There is an interesting CNN article titled, “What the Fed and Madonna have in common”. The main highlight: Fed Chairmen while trying to maintain their three main goals of maximum employment, stable prices, and moderate long-term interest rates have tweaked their methods to suit the running conditions of the economy during the Fed’s 109-year history since 1913. In the early 80s, Paul Volcker acted with more authority and power rather than seeking consensus. He did not give advance notice to markets about what the Fed could be doing. In a way, he was not dealing with a globalized economy and could be more focused on solving an American problem.
The Fed could be raising or lowering rates without much of a scheduled FOMC-type meeting. Even now the Fed has the freedom to do things in an emergency like how they dropped rates on a Sunday in Mar 2020 during the pandemic, it is very unlikely that the Fed will act inter- meetings without a level of real urgency.
The market consensus clearly for this week is for the Fed to raise rates by 75 basis points and I think that should happen. The Fed has almost telegraphed that to the public. Anything to the contrary will be the surprise element. For the month of Aug, we do not have an FOMC meeting and I don’t think we will have any Fed action for Aug. By September the inflation fear should start to roll off and I wouldn’t be surprised if the Fed stopped raising rates at all for some time.
What is very unique about this downturn in the markets that we have faced since last year is that, for the first time in over 50 years the S&P 500 is down 10% while bonds have also fallen close to 10% since the start of the year. It is normal for bonds and equities to be inversely correlated. But with the level of unprecedented printing that was never seen in the last 320 years, we cannot expect old conventions to hold true anymore.
Throughout the past six months, I have argued that the markets are going through a technical correction and probably a short recession too.
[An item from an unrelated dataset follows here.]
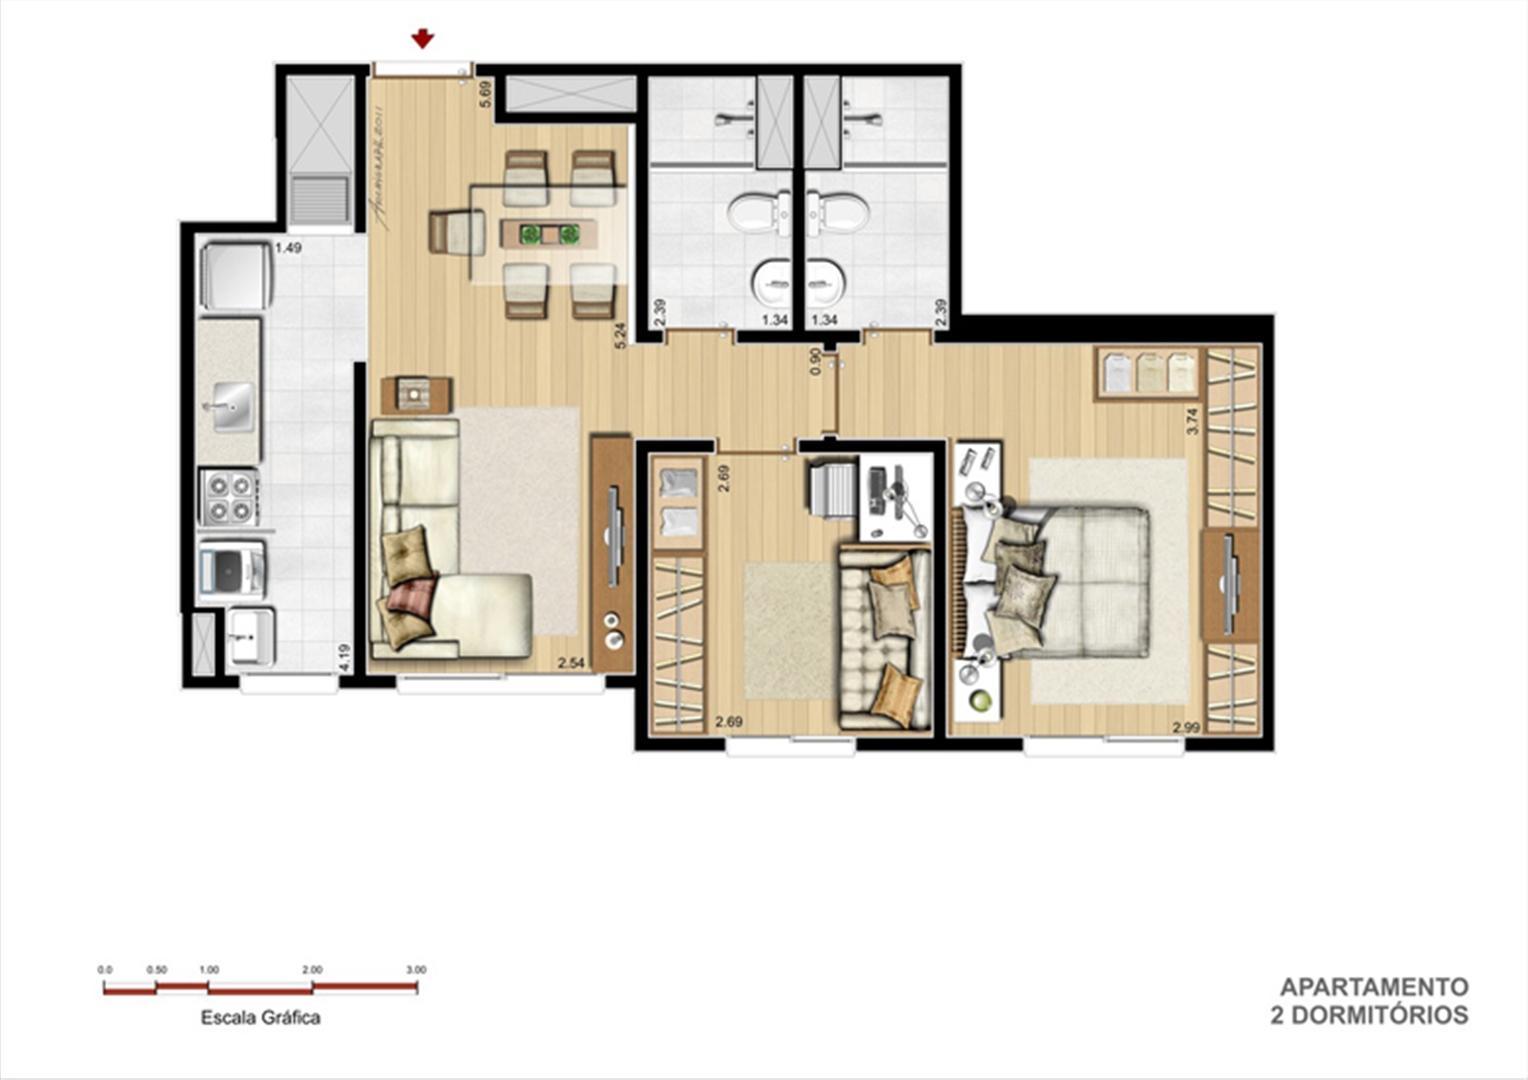 Tipo 2 dormitórios | Supera Condomínio Clube – Apartamento na  Cavalhada - Porto Alegre - Rio Grande do Sul

A technical recession is when we have two consecutive quarters of negative growth which we got already. To put it in context, nominal growth is still running at 6%, meaning the economy is not stagnant but still moving. This means demand is still alive.
This is most visible in the recently announced banking earnings report. All four major banks produced excellent net interest income, thanks to the rising interest rates. All banks had positive things to say about the strength of the consumer. In the last few days, the banking stocks have been leading the way up.
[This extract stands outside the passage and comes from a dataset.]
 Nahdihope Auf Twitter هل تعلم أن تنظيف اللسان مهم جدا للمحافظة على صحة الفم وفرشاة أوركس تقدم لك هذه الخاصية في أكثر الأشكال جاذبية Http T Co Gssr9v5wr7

Another company to look at is Halliburton. They are the biggest provider of products and services to the energy sector. They beat on earnings and revenue estimates. This should be a wake-up call for the investment community to energy and commodity companies, both of which are benefiting from structural supply shortages, and high prices - meaning expanding margins.
While these stocks have been hit hard including XLE which is down 27%, most of the commodities are priced in dollars and the relentless rise in the dollar has contributed to their poor performance. It looks like the dollar will be rolling over soon. I think this sector is poised for some positive cash flow enabling them to pay down their debts. Banking and commodity stocks should be the best opportunities in the next up move in the markets as the markets struggle with some technical headwinds.
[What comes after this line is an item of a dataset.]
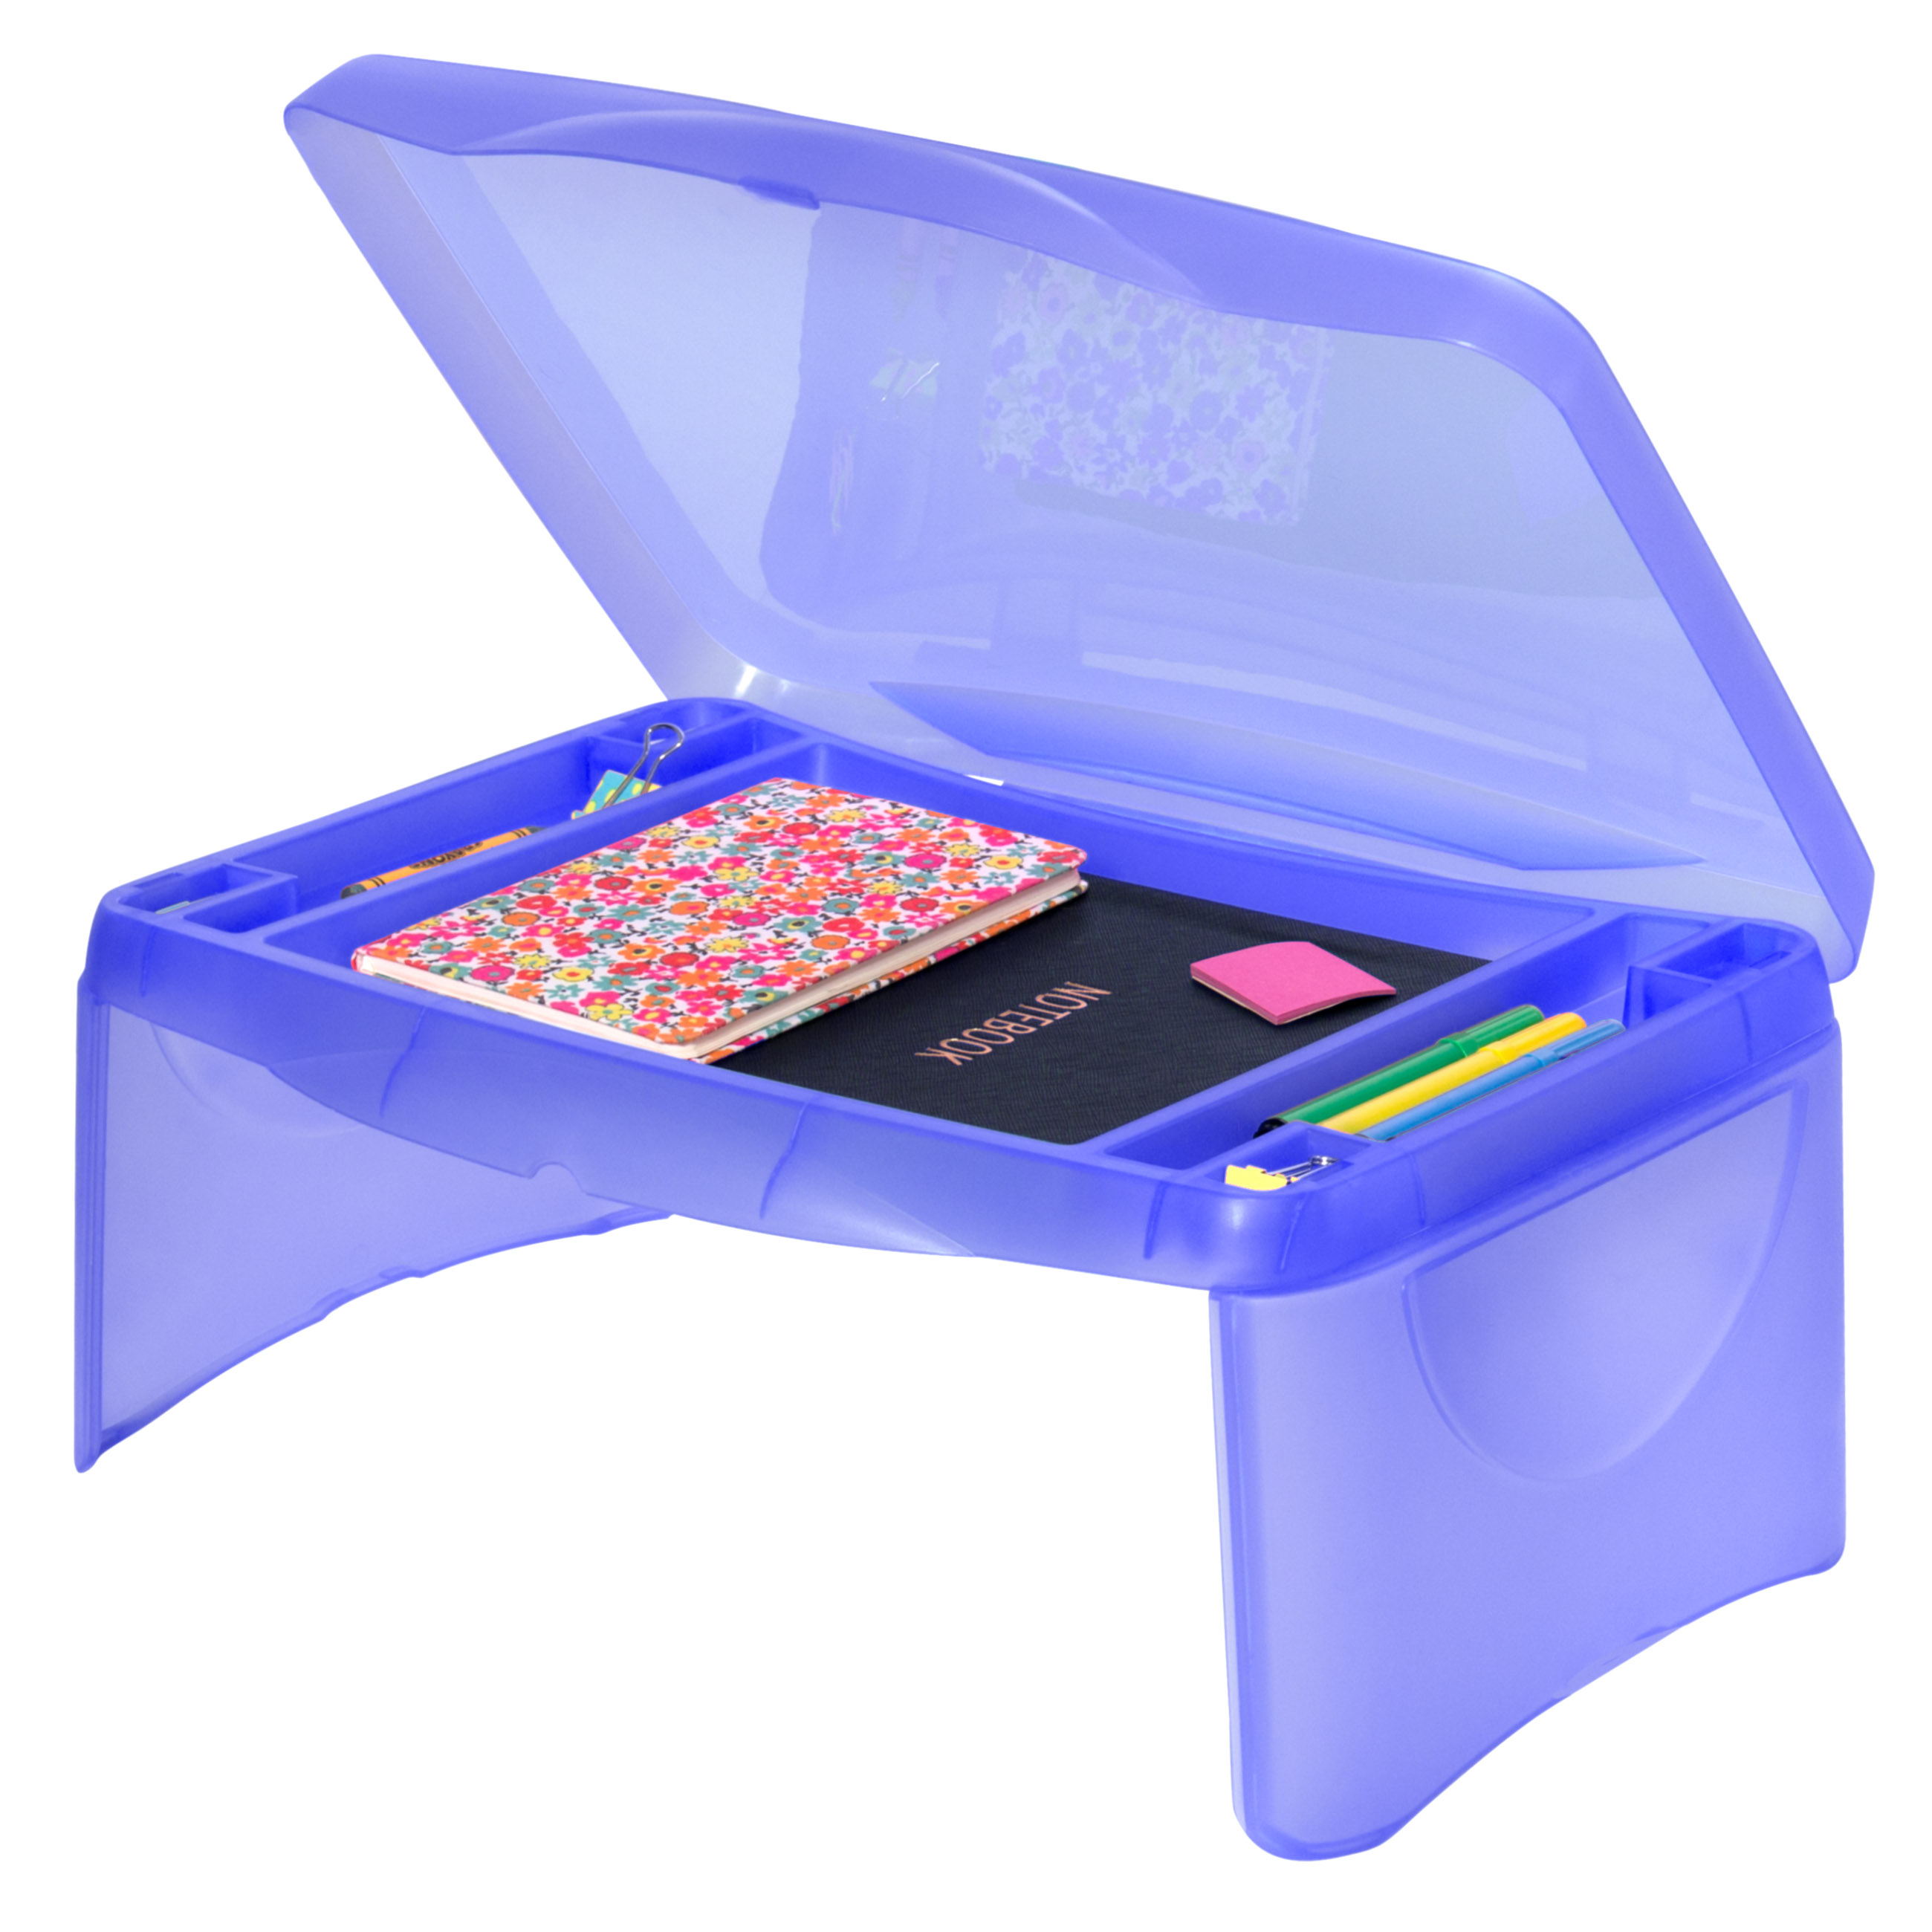 Best Choice Products Kids Folding Lap Desk W  Storage- Blue by Best Choice Products

The rising interest rate environment was surely going to hurt the high valuation tech sector. We have seen that play out very well. In the process, most of the banking and commodity stocks have been dragged down for non-fundamental reasons. The present low P/E and banking and commodity sector should be a gift.
The markets probably saw their lows on June 17th. We could be all set for a monster rally very soon. This is not the time to be bearish on the markets anymore. Smart money is most likely getting long.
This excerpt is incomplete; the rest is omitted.